Reputation: 81
I'm having a bit of trouble trying to count the number of words per sentence. For my case, I'm assuming sentences only end with either "!"
, "?"
, or "."
I have a list that looks like this:
["Hey, "!", "How", "are", "you", "?", "I", "would", "like", "a", "sandwich", "."]
For the example above, the calculation would be 1 + 3 + 5 / 3
. I'm having a hard time achieving this, though! Any ideas?
Upvotes: 0
Views: 4495
Reputation: 111
A simple solution:
mylist = ["Hey", "!", "How", "are", "you", "?", "I", "would", "like", "a", "sandwich", "."]
terminals = set([".", "?", "!"]) # sets are efficient for "membership" tests
terminal_count = 0
for item in mylist:
if item in terminals: # here is our membership test
terminal_count += 1
avg = (len(mylist) - terminal_count) / float(terminal_count)
This assumes you only care about getting the average, not the individual counts per sentence.
If you'd like to get a little fancy, you can replace the for
loop with something like this:
terminal_count = sum(1 for item in mylist if item in terminals)
Upvotes: 3
Reputation: 92854
Short solution using re.split() and sum() functions:
import re
s = "Hey ! How are you ? I would like a sandwich ."
parts = [len(l.split()) for l in re.split(r'[?!.]', s) if l.strip()]
print(sum(parts)/len(parts))
The output:
3.0
In case if there could be only a list of words as input:
import re
s = ["Hey", "!", "How", "are", "you", "?", "I", "would", "like", "a", "sandwich", "."]

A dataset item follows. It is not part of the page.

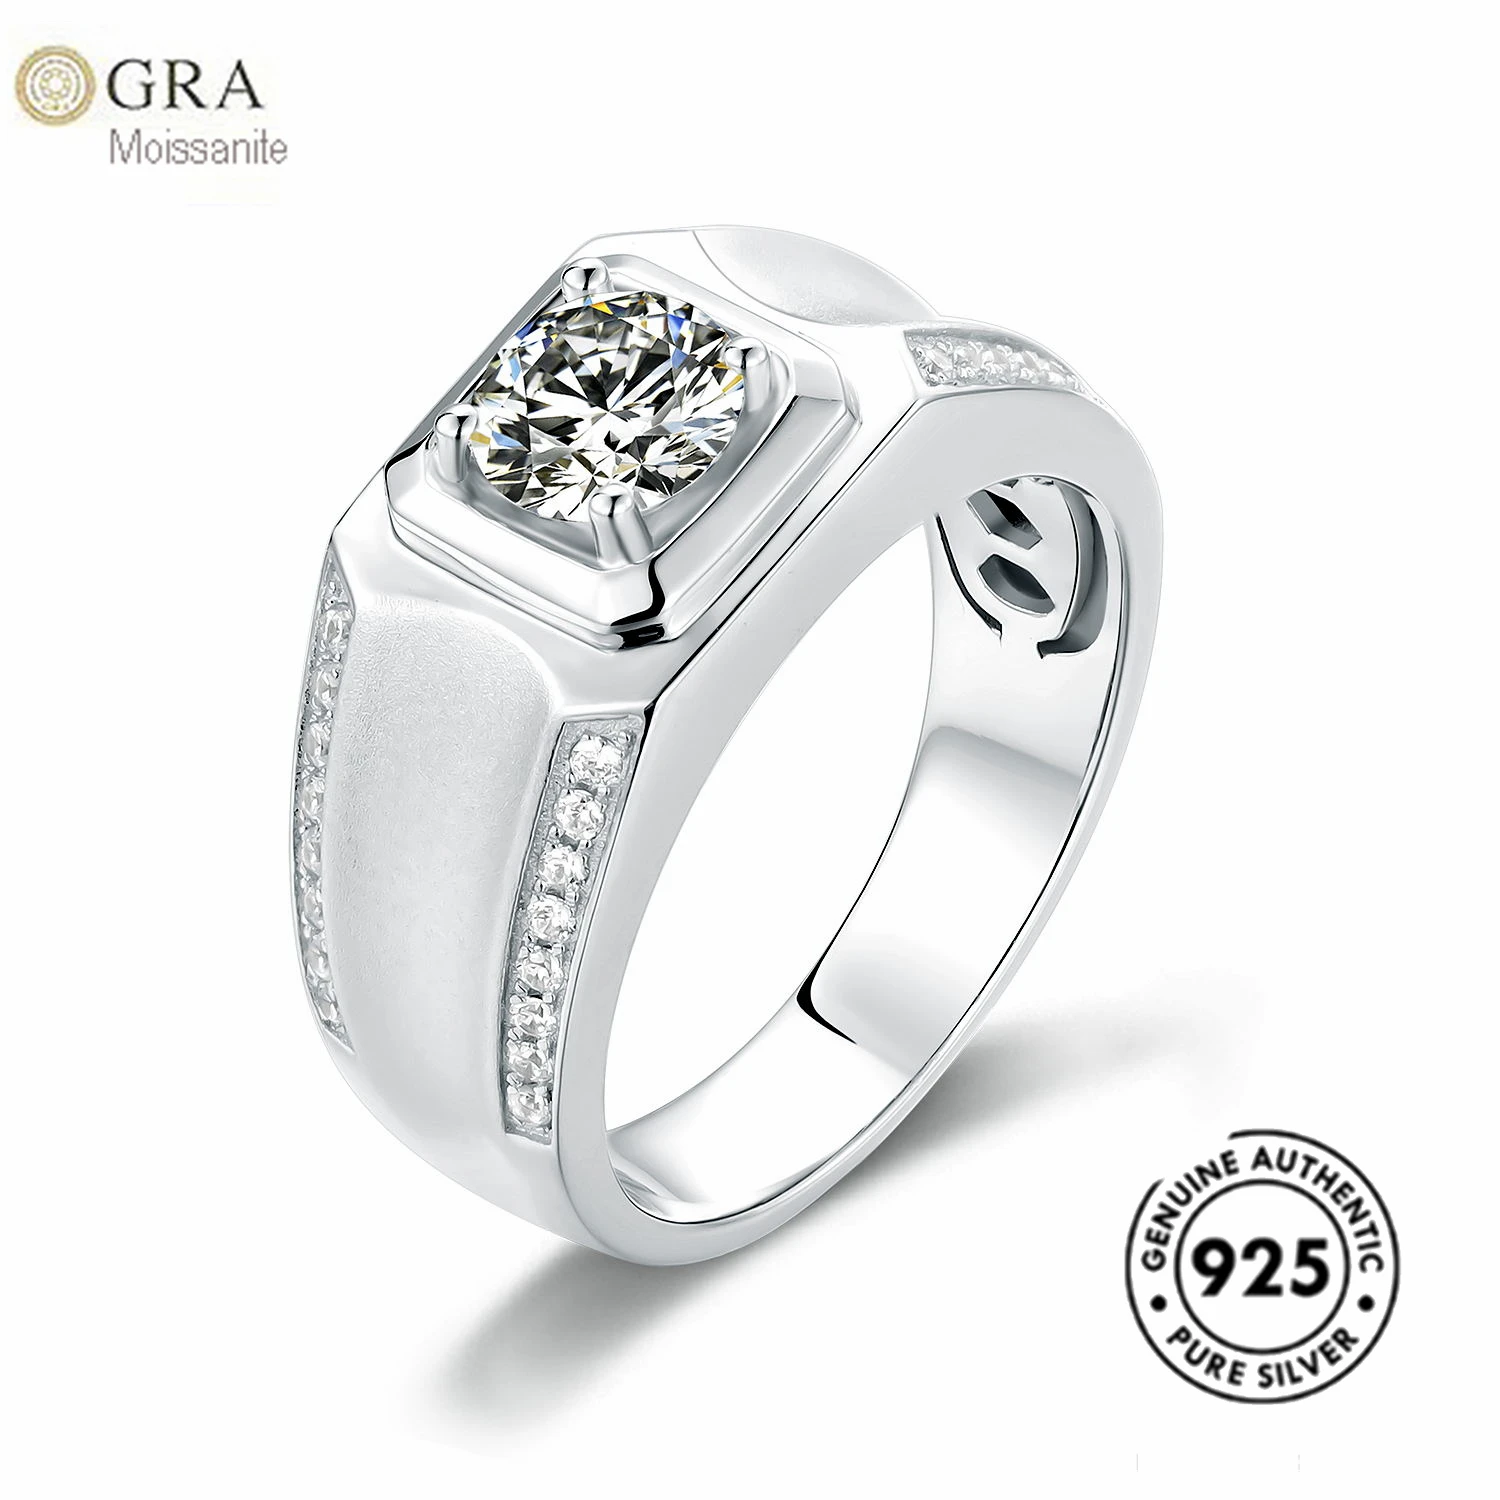 

Новые формы Gra 1 карат моссанит мужское кольцо серебро 925 модные ювелирные изделия готовы к отправке
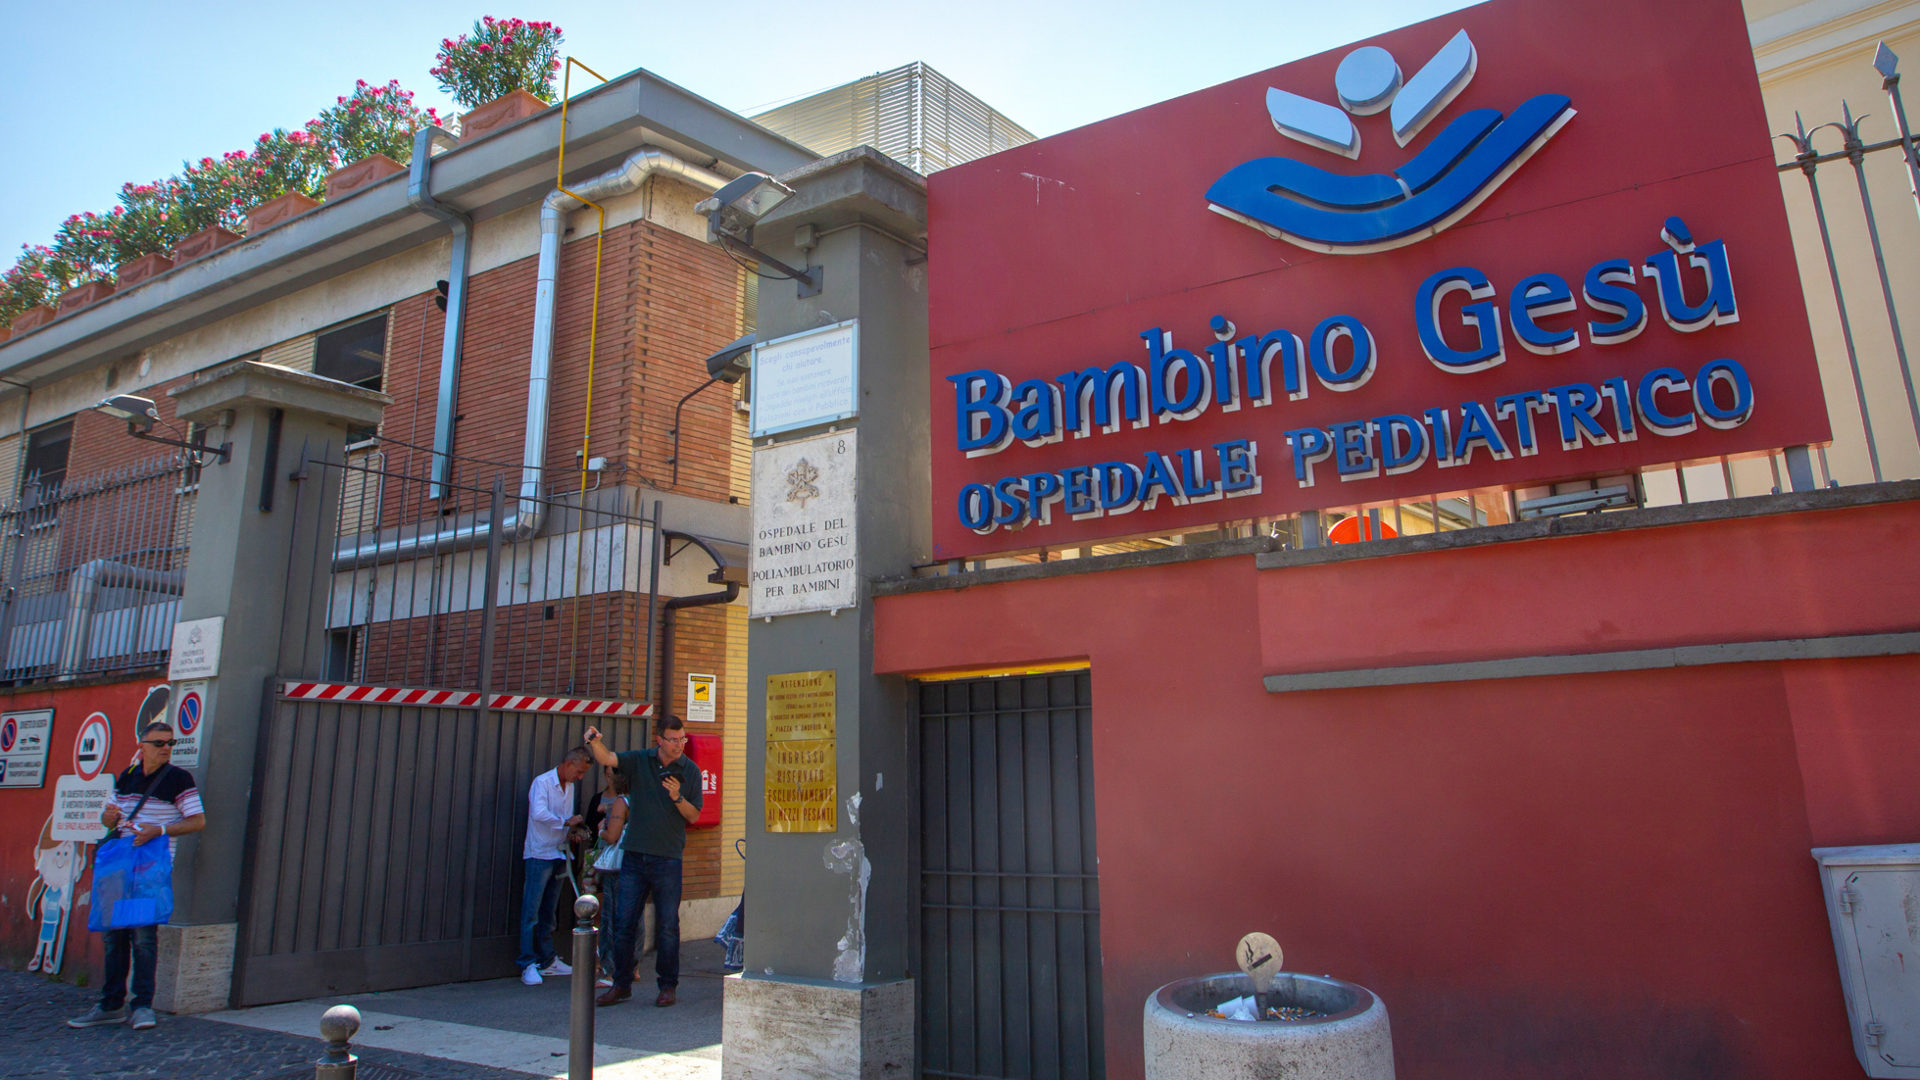 Eingang zur vatikanischen Kinderklinik "Bambino Gesu" in Rom

parts = [len(l.split()) for l in re.split(r'[?!.]', ' '.join(s)) if l.strip()]
print(sum(parts)/len(parts)) # 3.0
Upvotes: 1
Reputation: 113985
words = ["Hey", "!", "How", "are", "you", "?", "I", "would", "like", "a", "sandwich", "."]
sentences = [[]]
ends = set(".?!")
for word in words:
if word in ends: sentences.append([])
else: sentences[-1].append(word)
if sentences[0]:
if not sentences[-1]: sentences.pop()
print("average sentence length:", sum(len(s) for s in sentences)/len(sentences))
Upvotes: 3